### WORK ITEM
Pictures stay out of the copy; set down each line of the listing below exactly.

### THE DATA
# # # # #
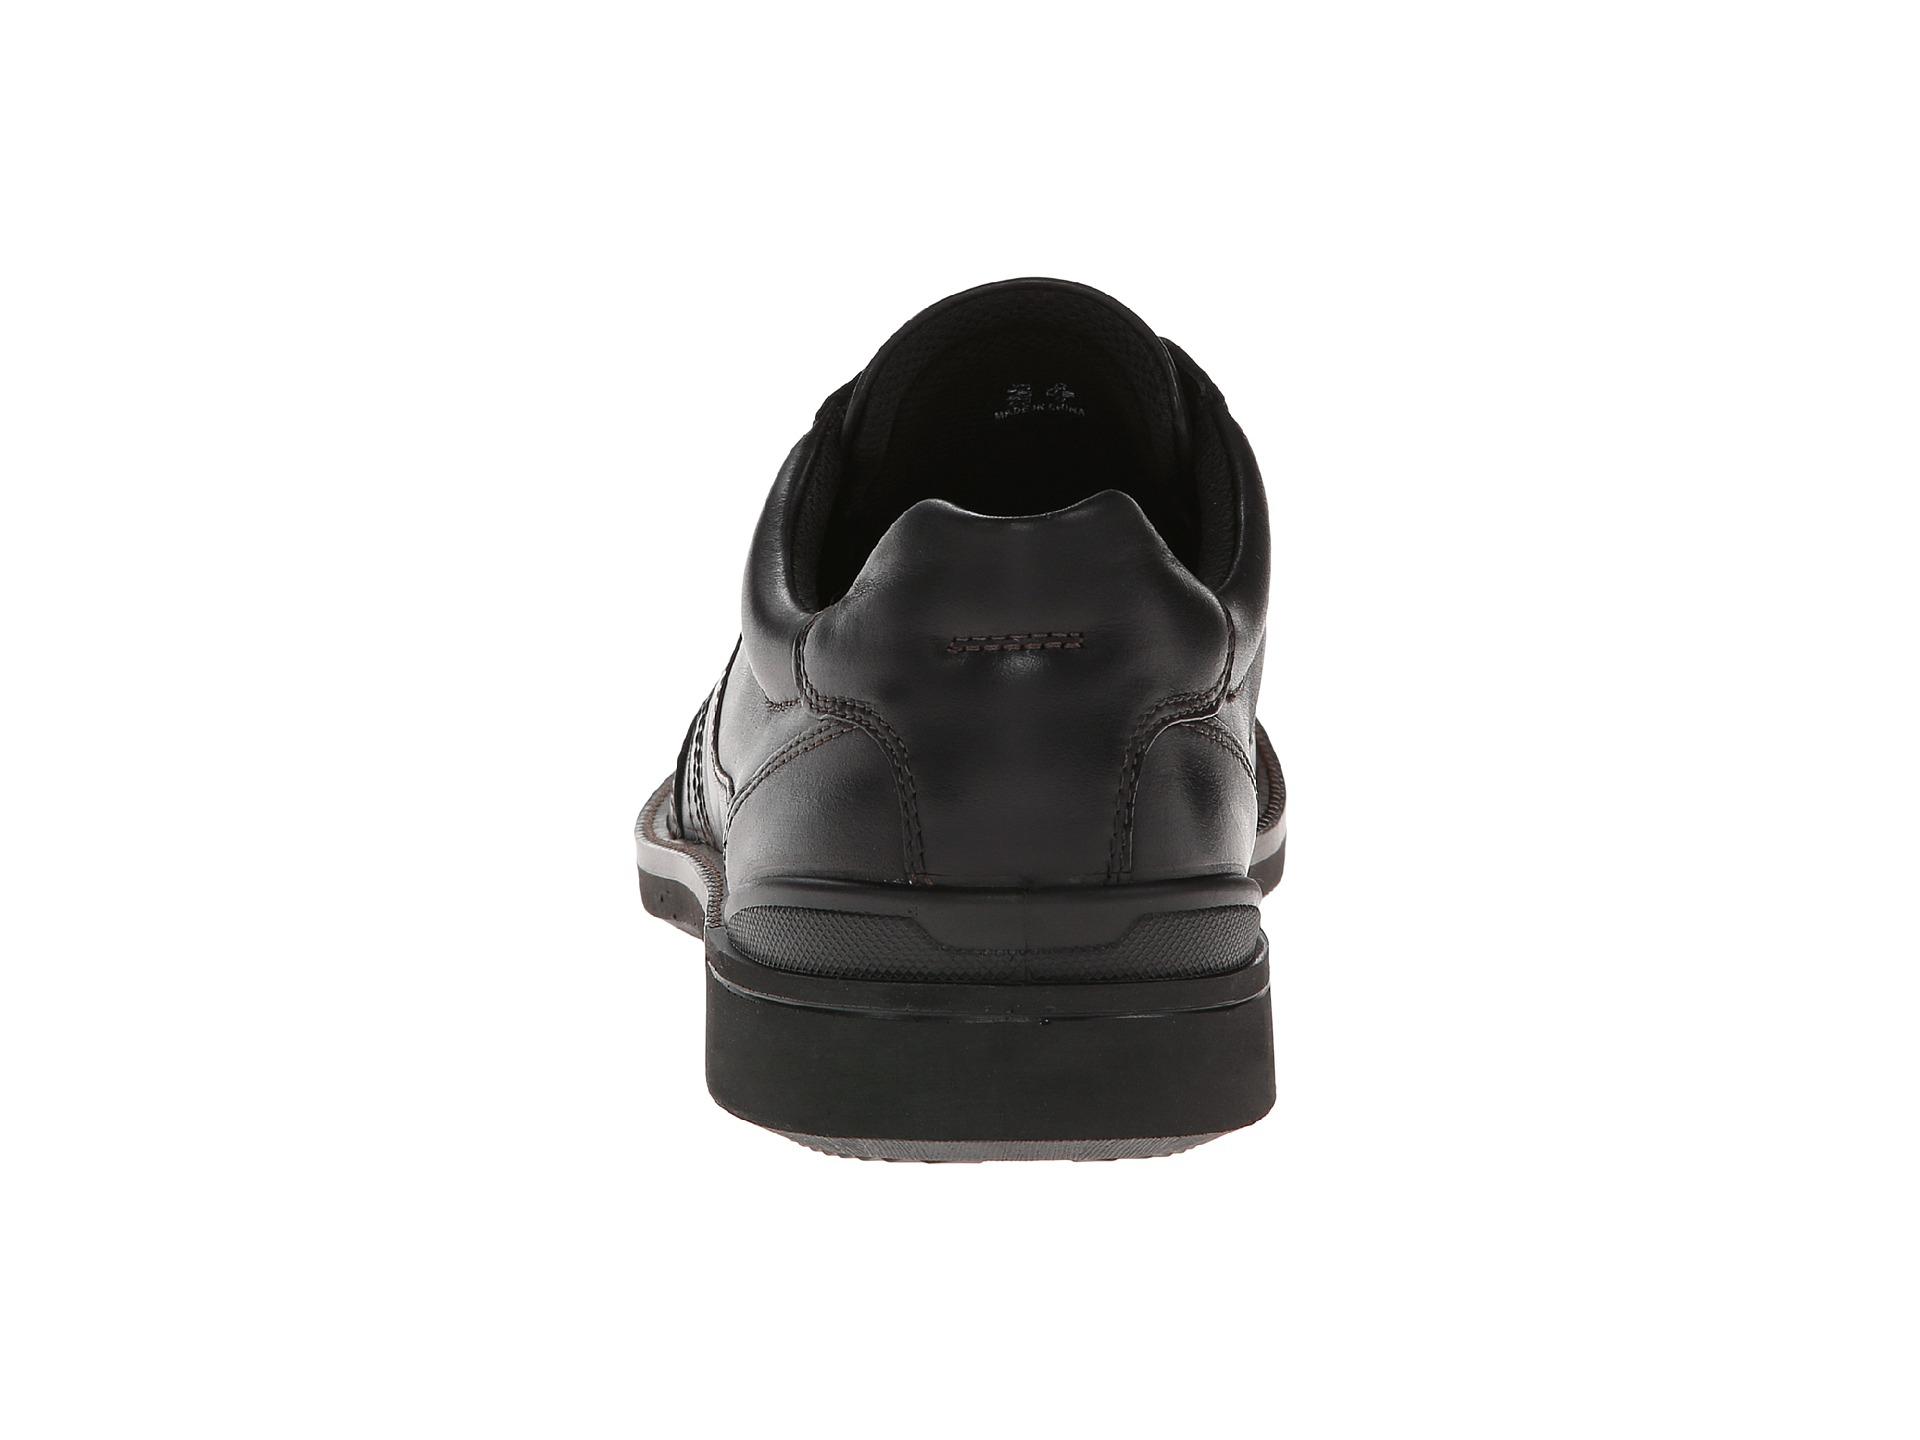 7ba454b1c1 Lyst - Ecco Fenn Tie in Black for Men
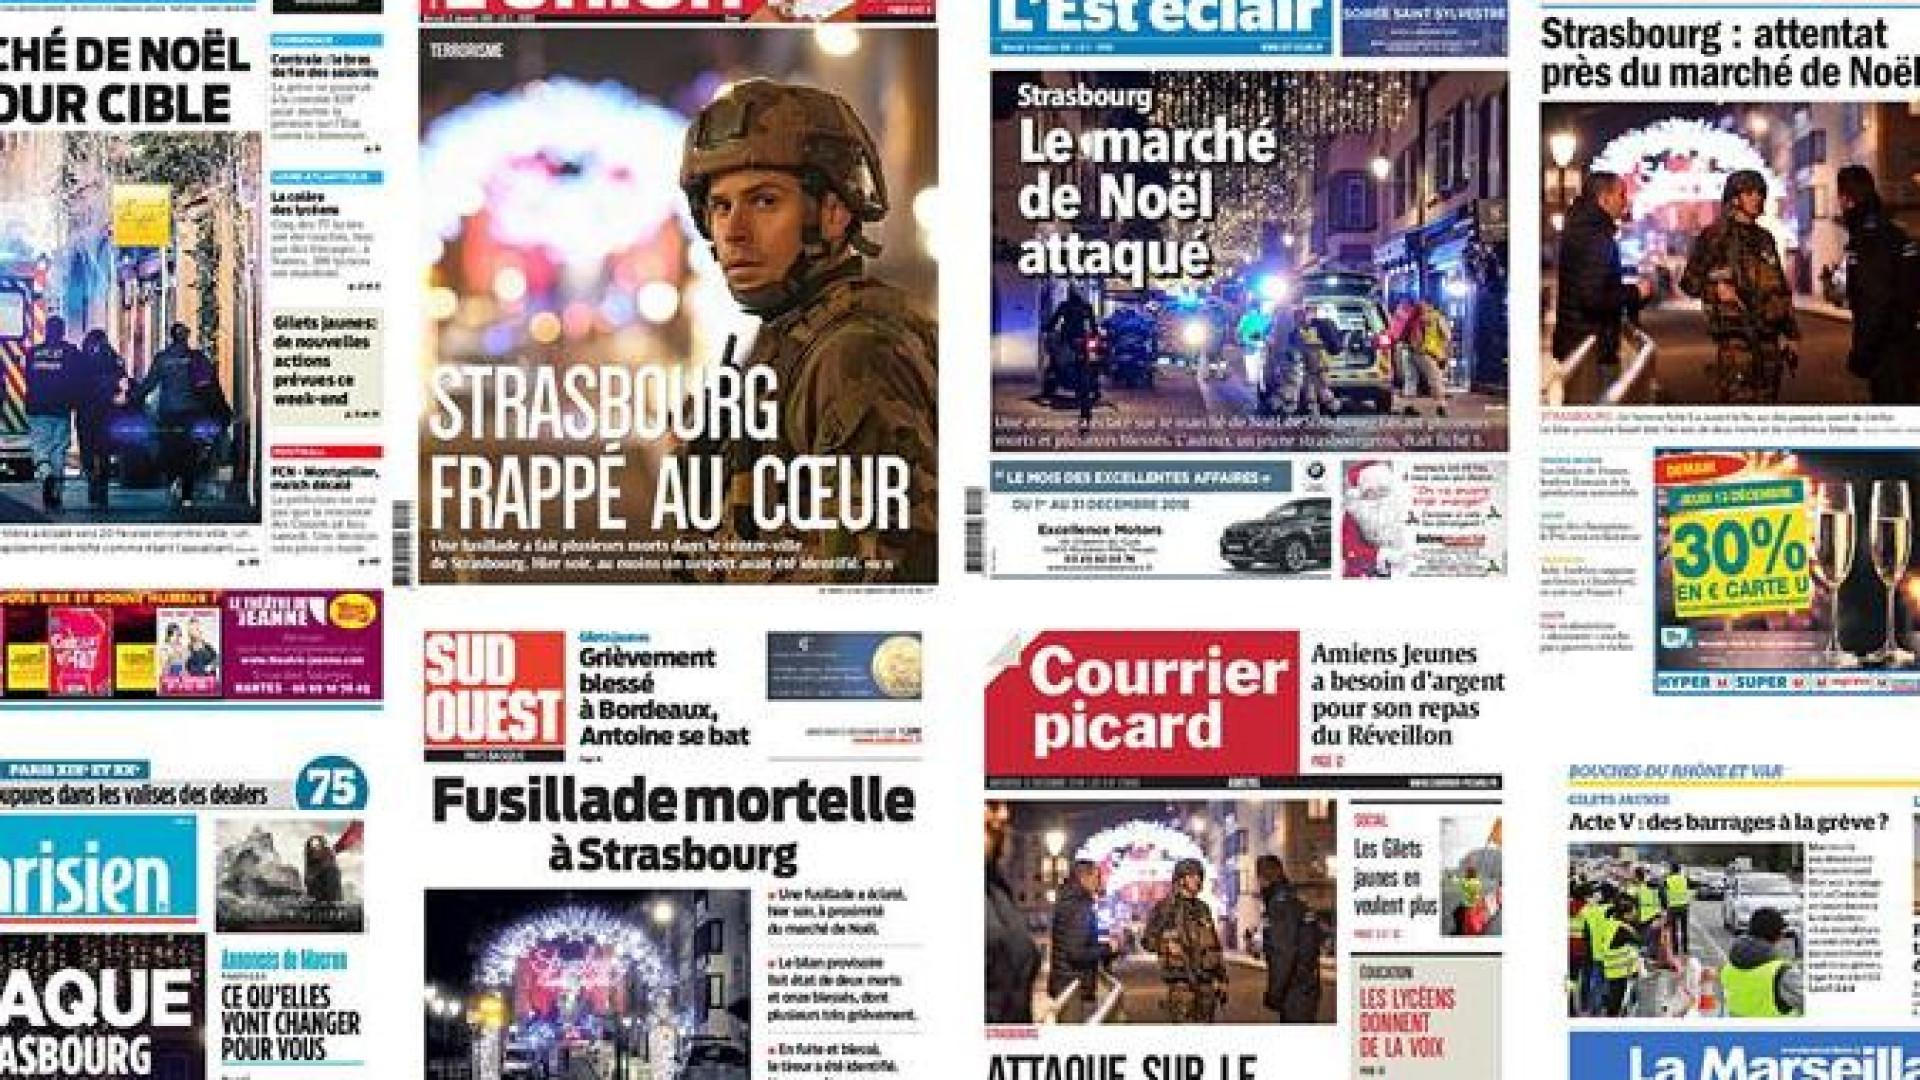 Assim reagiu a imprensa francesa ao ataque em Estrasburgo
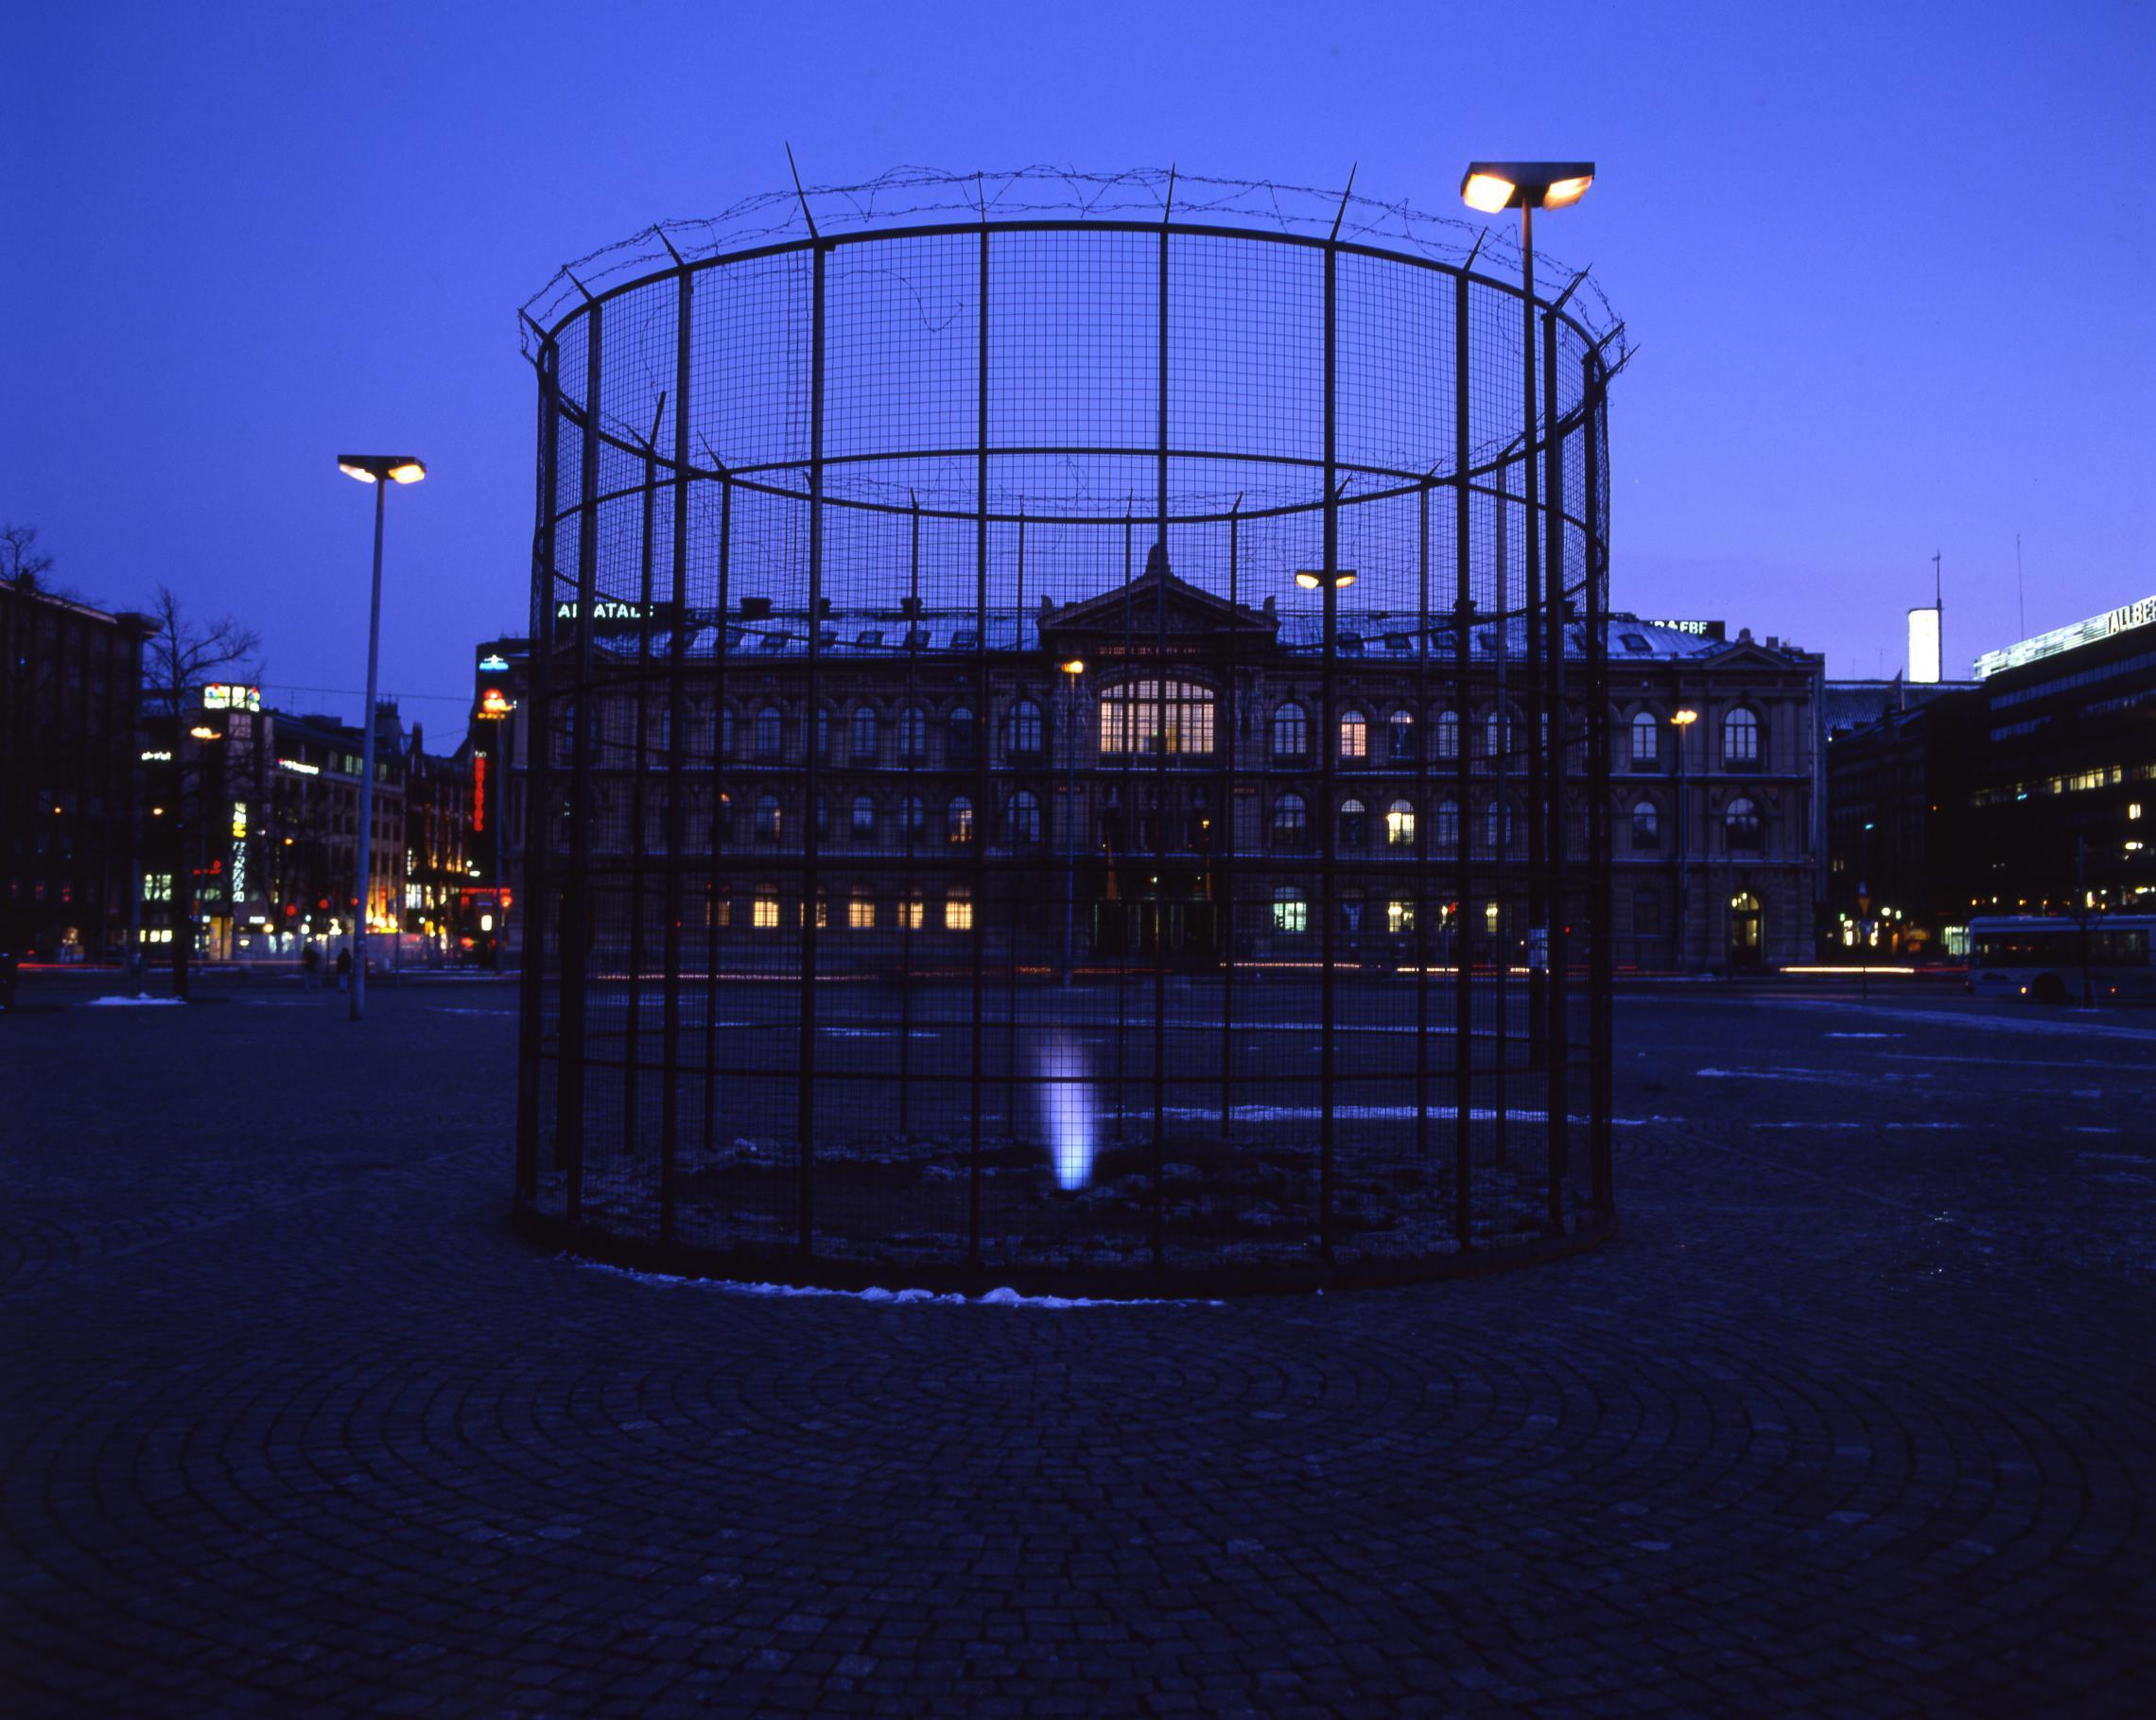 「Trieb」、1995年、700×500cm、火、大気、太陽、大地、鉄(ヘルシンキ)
# # # # #
### RESULT
 7ba454b1c1 Lyst - Ecco Fenn Tie in Black for Men
 Assim reagiu a imprensa francesa ao ataque em Estrasburgo
 「Trieb」、1995年、700×500cm、火、大気、太陽、大地、鉄(ヘルシンキ)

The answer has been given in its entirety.